7.   Operations with metadata

A description is the most popular type of metadata that BigQuery provides and we advise all of our clients to save them against each table to expedite the process of data discovery. Viewing, updating, and deleting this metadata are all free of charge. Excellent for lowering the cost of possessing a data catalog.

For creating SQL data pipelines in BigQuery, we highly recommend using the data build tool (dbt), which has complete support for automatically updating table metadata. An excellent method for automatically documenting data assets.

8.   Using pseudo-column queries

Pseudo columns are supported in some BigQuery tables. For instance, we often witness clients using Firestore’s built-in feature to export data to BigQuery.

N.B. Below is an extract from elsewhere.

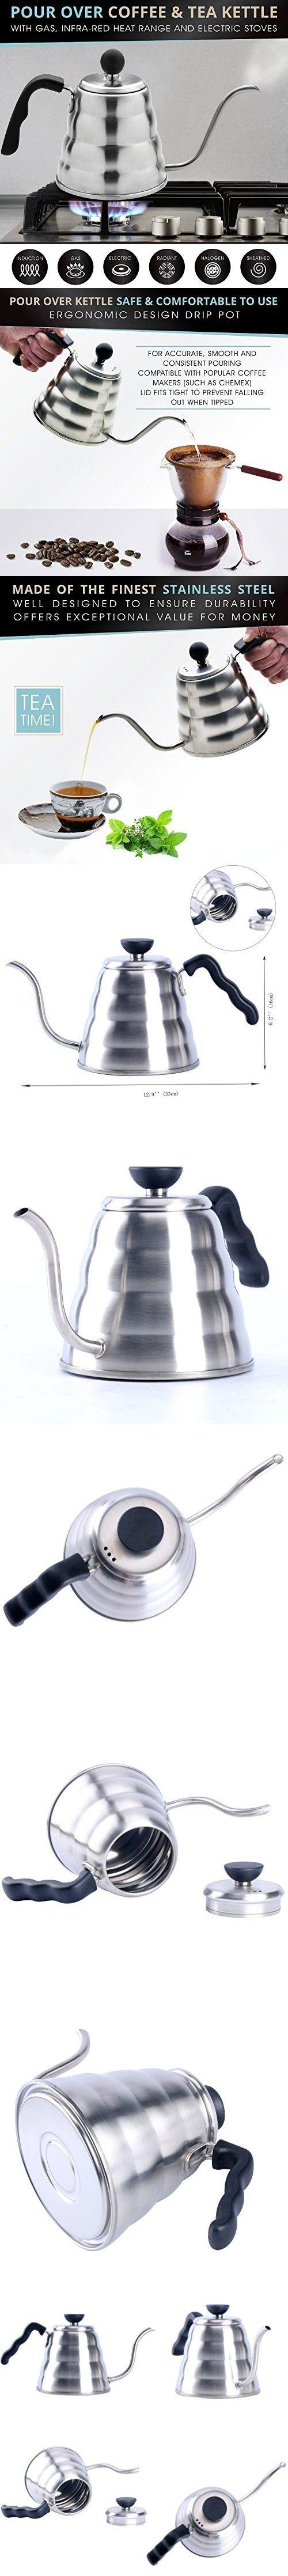 YaeKoo 1L Stainless Steel 304 Coffee Drip Kettle,Gooseneck Stainless Steel Drip Pot for Coffee & Tea
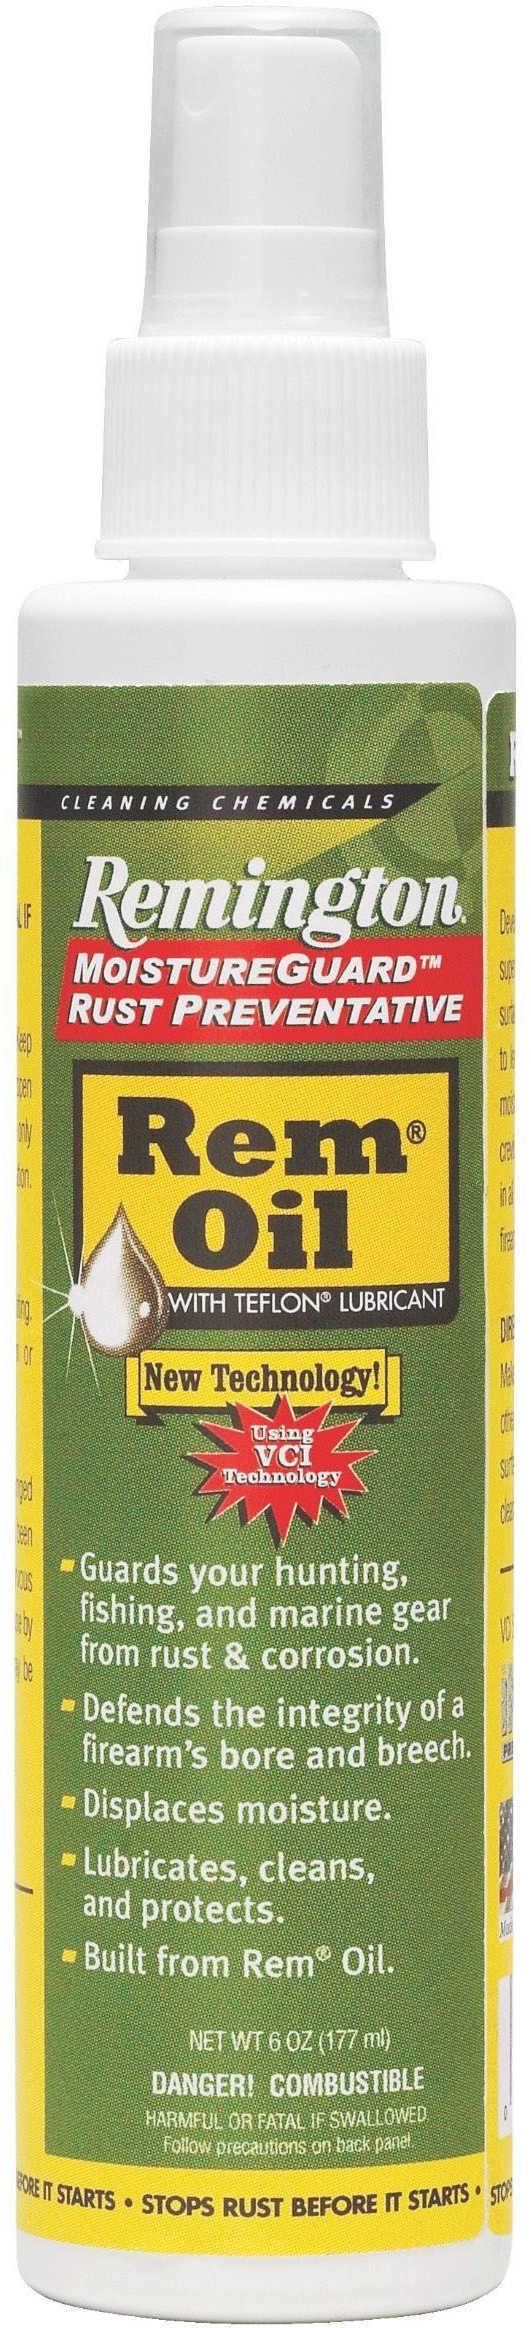 Remington Moisture Guard With Remington Oil 6Oz Pump Spray(6

The process of creating cost-effective SELECT queries is facilitated by the automated assignment of the date as the _TABLE_SUFFIX to date shared tables that receive exported data. You are allowed to browse any bogus column.

9.   Making Meta table queries

The following meta tables can be queried for free:

  • __PARTITIONS_SUMMARY:

Used to extract partition metadata from a partitioned table that was either produced during ingestion or already partitioned.

  • __TABLE_SUMMARY:

This function is used to get metadata from tables and views inside a dataset.

10.  Functions Defined by the User (UDFs)

One of the nicest is perhaps the one we left for last; there is no fee to execute a UDF. Knowing that a UDF can carry out some rather sophisticated processing (as they support Javascript and its related libraries) is a very useful thing.

Conclusion

In conclusion, understanding that BigQuery has them should be quite beneficial in guaranteeing that data analytics solutions are constructed economically.